Depots as a general rule have no idea what equipment belongs to what.  They are merely orders in the system to them, this should be directed at/to the KingPost SM & LCMM

Minor quibble as the right people likely know....


----------



## OldSolduer (20 Oct 2021)

I was just wondering if any of you are divesting yourselves of stocks and pillories? We could use a few here.....  😈


----------



## Humphrey Bogart (21 Oct 2021)

They clearly didn't talk to us when they made this decision.

Used the Kingpost 3 times on my recent deployment.  Did two point RAS every time, with both USNS Wally Schirra and with USNS Carl Brashear.

Once was just to test it to confirm it worked and the other two were because we actually needed supplies, namely quality fresh vegetables and other food.  

It is a fairly dangerous evolution and one of our dump workers was almost taken out by a pallet a couple of times.

I don't see why we would get rid of it, it's not complex piece of equipment and the US Navy is quite good at it?  COVID laid bare our requirement to be able to supply ourselves on operations.  The Navy ATT relies exclusively on contracted support in foreign ports and we had trouble getting a lot of things because of this.  

Any Ships we deploy to the MENA should have access to our own tanker support.  Given our desire to PROJECT ships across the World continuously, I personally think we should keep a Tanker permanently stationed in the Asia-Pacific Theatre.  Base it out of Guam and have it rove between there and the Gulf of Aden to supply our ships as required.  It could also be used to supply our Allies, a WIN WIN for everyone.  If we had four tankers, you could rotate them annually.  Year long deployment for those involved and it would be a good go that I would volunteer for.

We were starved for gas halfway across the World, meanwhile the CAF was posting photos on social media of the ASTERIX doing RAS with the Harry DeWolf.  Why would we deploy our tanker with our expeditionary units?  Nah lets use it to fill up an AOPV that is a 100 miles from shore 😄.


----------



## Stoker (21 Oct 2021)

SeaKingTacco said:


> Yeah. Good plan. Because helicopters are always serviceable…

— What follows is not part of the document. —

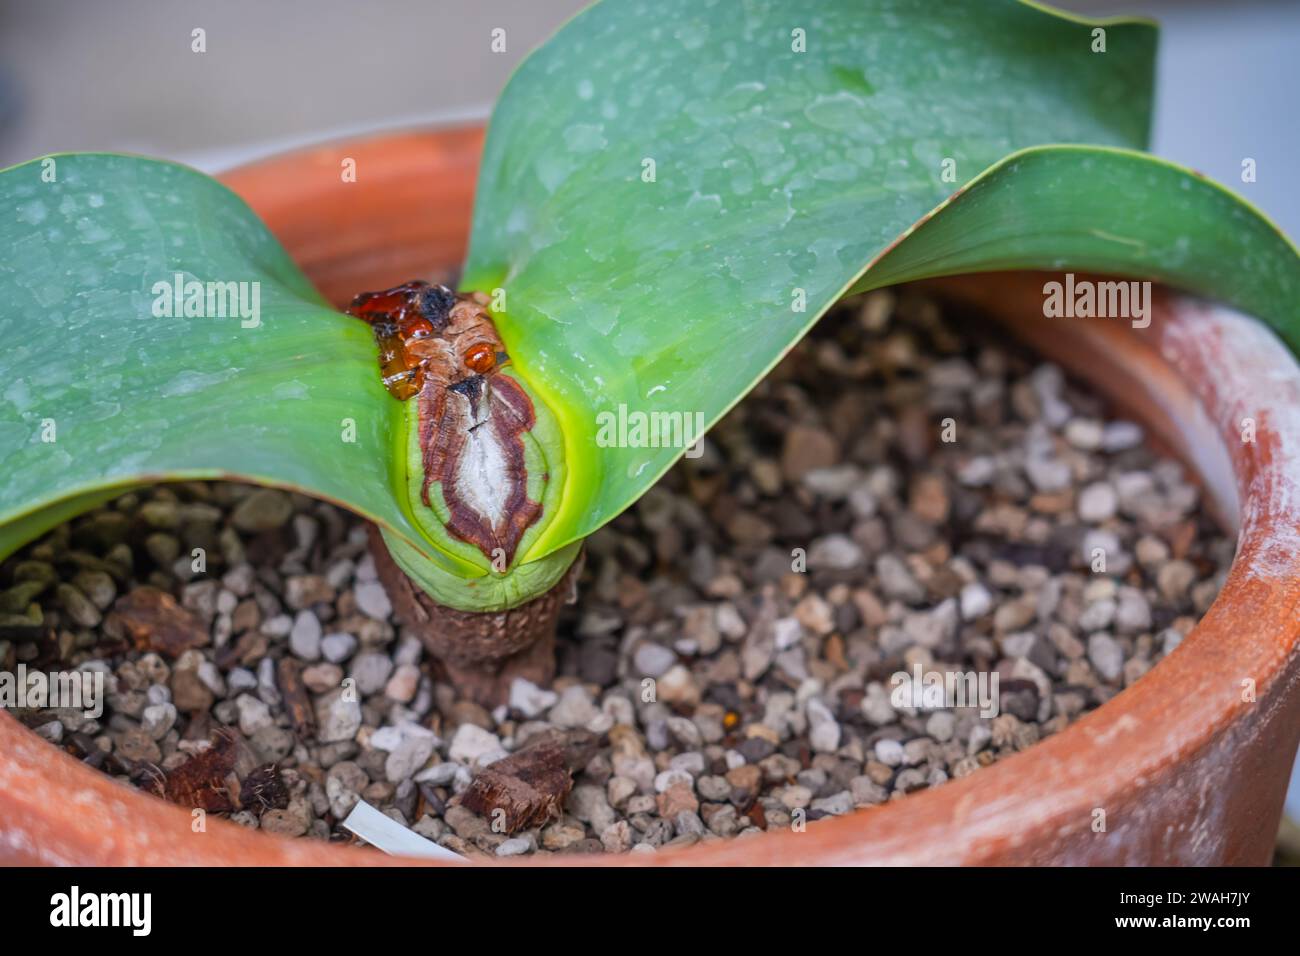 Welwitschia mirabilis, ancient endemic desert plant on pot. Stock Photo

That's why we have boat transfers.....


Humphrey Bogart said:


> They clearly didn't talk to us when they made this decision.
> 
> Used the Kingpost 3 times on my recent deployment.  Did two point RAS every time, with both USNS Wally Schirra and with USNS Carl Brashear.
> 
> ...


I guess that's the issue they didn't need to talk to you and I expect they asked both coasts how much it was actually used and a decision made based on that. Using it three times your last deployment is cool but do you use it all the time, I'm willing to bet you don't. Regardless the decision is made.


----------



## Humphrey Bogart (21 Oct 2021)

Stoker said:


> That's why we have boat transfers.....
> 
> I guess that's the issue they didn't need to talk to you and I expect they asked both coasts how much it was actually used and a decision made based on that. Using it three times your last deployment is cool but do you use it all the time, I'm willing to bet you don't. Regardless the decision is made.



Do we use Harpoons, ESSM or Torpedoes all time?  No, but they are capabilities we need IOT to maintain our capability to fight wars.  This is the same logic that lead the Army down the path of divesting critical Combat Support Capabilities.  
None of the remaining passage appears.